Sequential Model-Based Optimization

Sequential Model-Based Optimization (SMBO) algorithms build a surrogate model of the objective function to predict which regions are most promising. They are ideal for expensive objective functions where each evaluation counts.

Overview

Algorithm

Description

Bayesian Optimization

Gaussian Process surrogate with uncertainty quantification.

Tree-structured Parzen Estimators (TPE)

Tree-structured Parzen Estimators using density estimation.

Forest Optimizer

Random Forest or Extra Trees as surrogate model.

How SMBO Works

SMBO workflow loop

The SMBO loop: fit a surrogate model, use an acquisition function to select the next point, evaluate, and update the model.

The general SMBO workflow:

  1. Initialize: Evaluate a few random points to build initial dataset

  2. Fit Model: Train a surrogate model on observed (parameters, scores)

  3. Acquire: Use the model to select the next point to evaluate

    • Predict score for all candidate points

    • Balance exploration (high uncertainty) vs. exploitation (high predicted score)

  4. Evaluate: Run the actual objective function on selected point

  5. Update: Add new observation to dataset, repeat from step 2

When to Use SMBO

Good for:

  • Expensive objective functions (ML training, simulations)

  • Limited evaluation budget (< 500 iterations)

  • Continuous or mixed search spaces

  • Problems where each evaluation takes seconds to hours

Not ideal for:

  • Very cheap objective functions (overhead > evaluation time)

  • Very high-dimensional spaces (> 20 dimensions)

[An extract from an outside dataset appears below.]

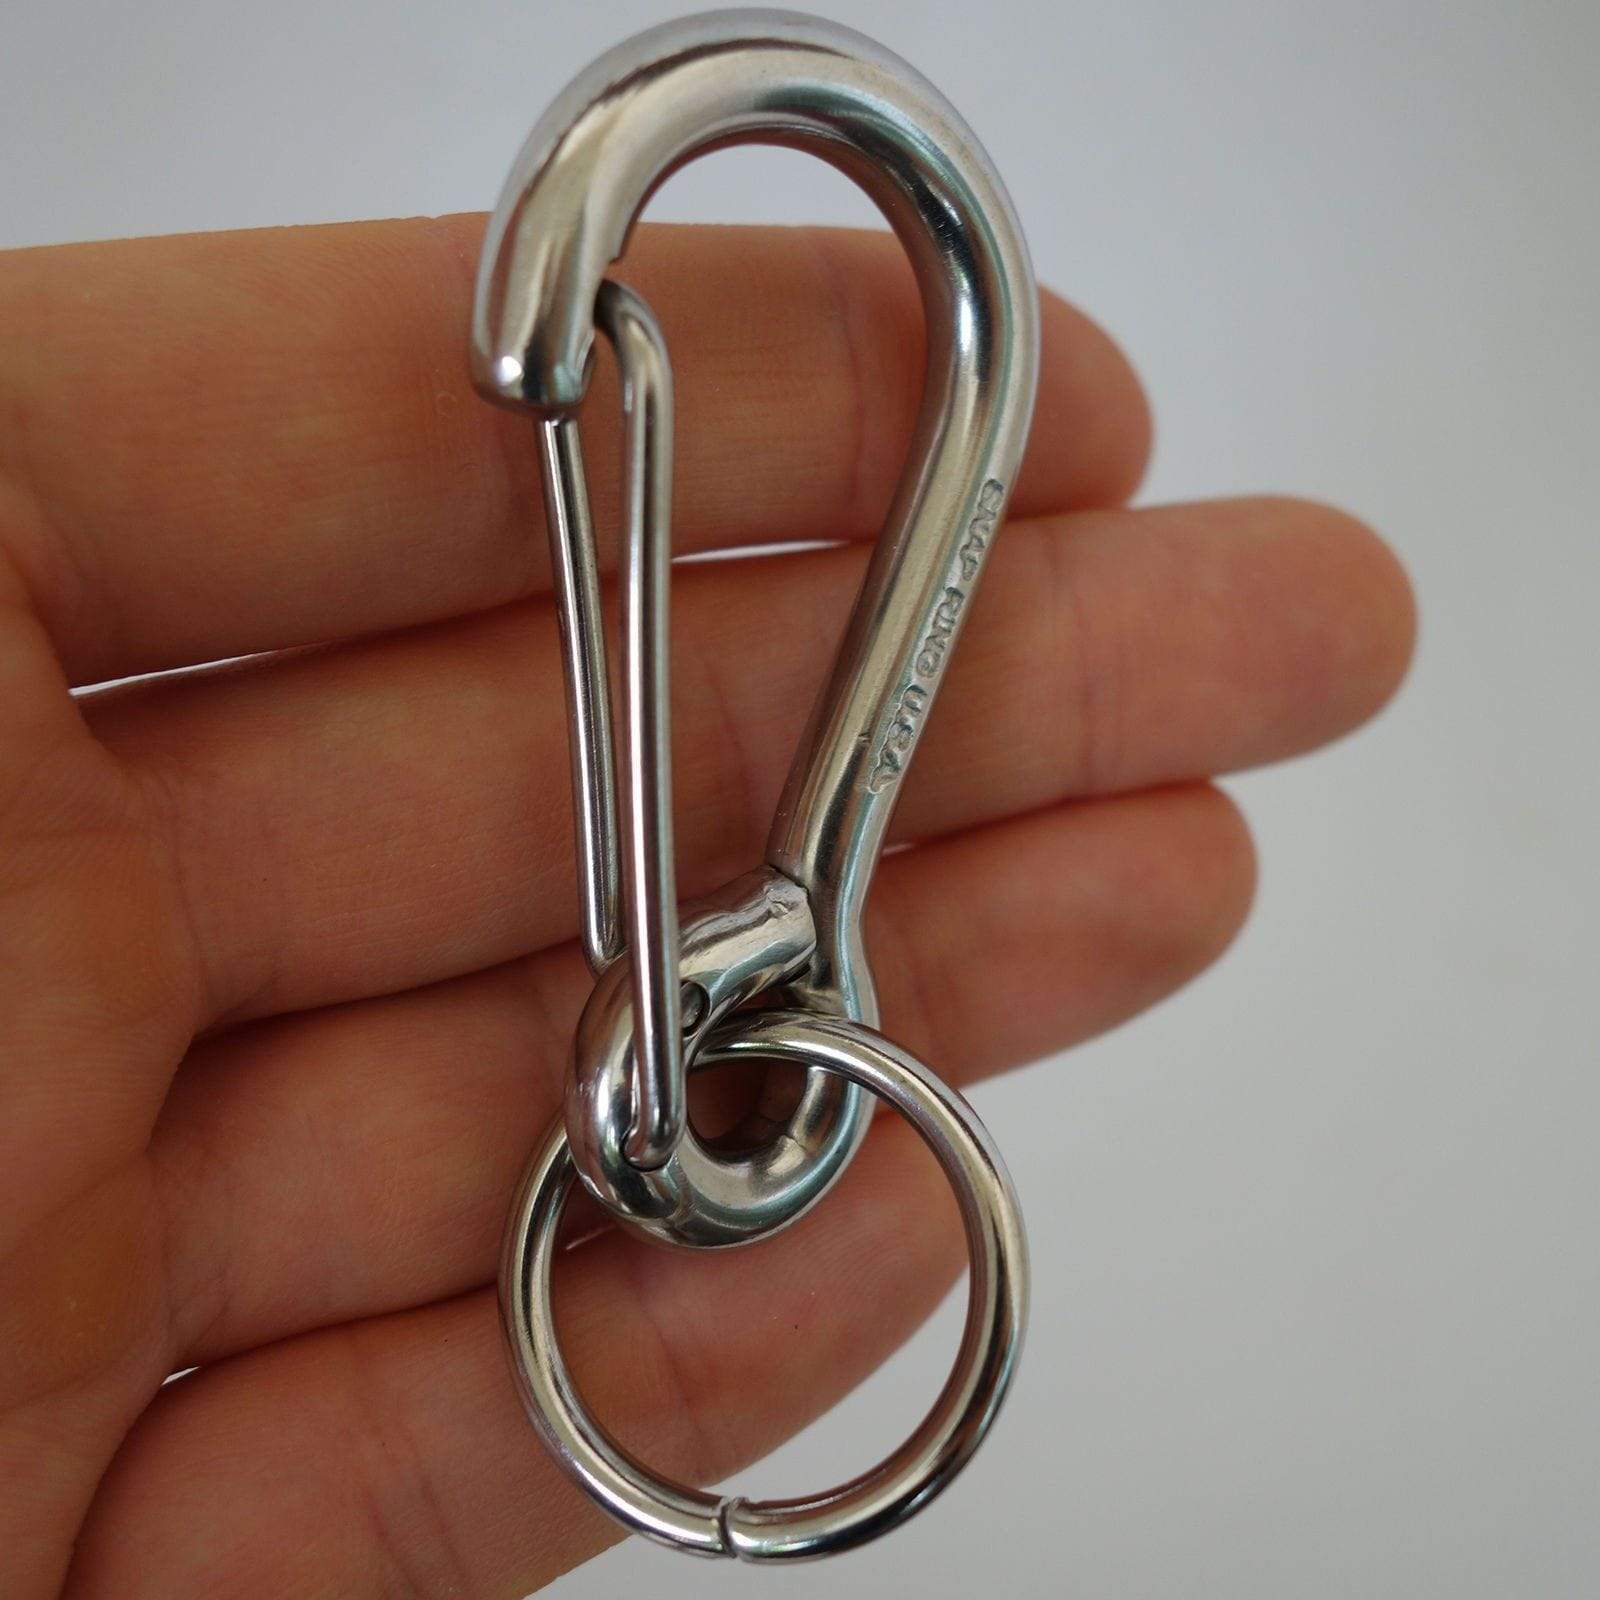 Strong Metal Carabiner Keychain Key Ring Chain Dog Collar Lead Belt Snap Clip Strong Metal Carabiner Keychain Key Ring Chain Dog Collar Lead Belt Snap Clip

  • Purely discrete/categorical spaces (use TPE or Forest)

Common Parameters

All SMBO algorithms share:

Parameter

Default

Description

xi

0.03

Exploration-exploitation trade-off in acquisition function

The xi Parameter

The xi parameter controls how much the algorithm explores uncertain regions vs. exploits known good regions:

from gradient_free_optimizers import BayesianOptimizer

# More exploitation - focus on known good regions
opt = BayesianOptimizer(search_space, xi=0.01)

# More exploration - try uncertain regions
opt = BayesianOptimizer(search_space, xi=0.1)

Tip

  • Start with default xi=0.03

  • Increase if optimization converges too quickly to suboptimal solution

  • Decrease if optimization wastes iterations on poor regions

Algorithm Comparison

Algorithm

Surrogate Model

Uncertainty

Best For

Bayesian

Gaussian Process

Covariance

Continuous, low-dimensional

TPE

Kernel Density

Probability ratio

Mixed, conditional spaces

Forest

Random Forest

Variance across trees

Large discrete spaces

Surrogate Model Comparison

SMBO surrogate model comparison

The three SMBO approaches use different surrogate models: GP with uncertainty bands, TPE with good/bad density separation, and Forest with tree ensemble variance.

Visualization

Bayesian Optimization on Sphere function

Bayesian Optimization efficiently narrows down to the optimum.

Forest Optimization on Sphere function

Forest Optimizer uses tree-based predictions.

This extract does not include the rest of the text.